Will today’s mid-market loans be tomorrow’s distressed opportunity? We sought the views of Robert Thompson, senior portfolio manager – credit at UPS Group Trust, and Dwight Scott, senior managing director and president at GSO Capital Partners, at our PDI New York Forum.
RT: First of all we’re concerned about the adjustment to EBITDA. We’re seeing as much as 30 to 40 percent in certain deals. I think we’re also concerned about just where we’re at in the capital structure relative to in the past. So if we do go through some sort of downgrade or distressed period, what’s going to be my ultimate recovery? Is it really going to be the 70 percent that we’ve had in the past?
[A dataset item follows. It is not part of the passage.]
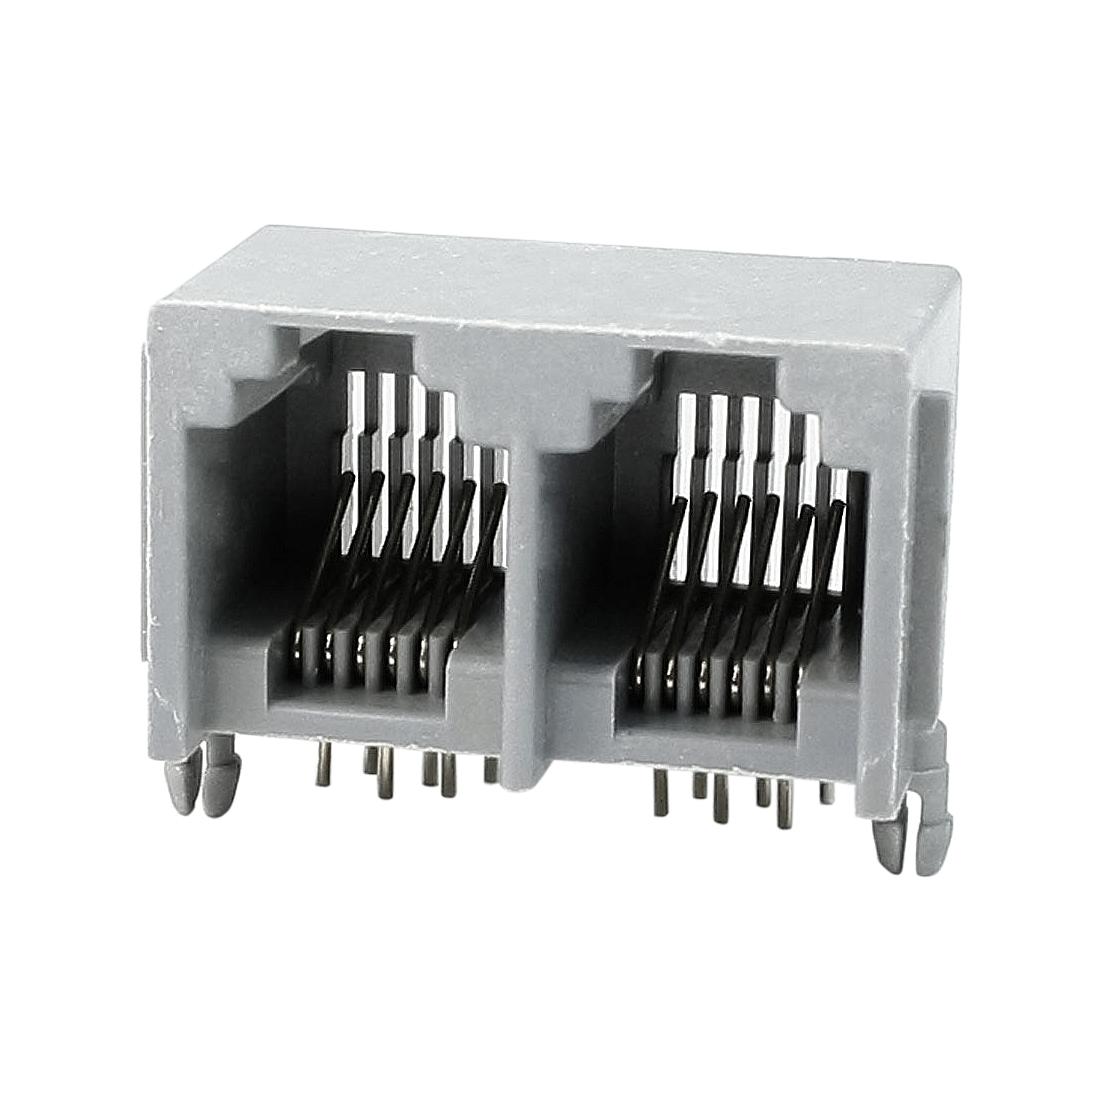 10 Pcs RJ12 6P6C 2 Way Computer Internet Network PCB Jack Socket Gray

Or is it going to be 20, because the fact is we have more unitranche structures than we did during the last cycle.
DS: I think that because there are a lot of transactions being done today, there’s always the risk that you’ll see some distressed come out of that strategy. However they are not as highly levered and they tend to be very unitranche-oriented in the kind of credit we’re giving. And so unitranche is – because they cover so much of the structure and because they are protective in their positioning in the capital structure – I don’t see a lot of the distress coming out of that. Instead I see a lot of distress coming out of the public markets when the market corrects because that’s where the leverage has begun to tick up – BBBs, for instance, the leverage has really begun to tick up, and you see CCCs this year have had a great year. That’s where I think you’ll really start to see the distress if the market hits a speed bump.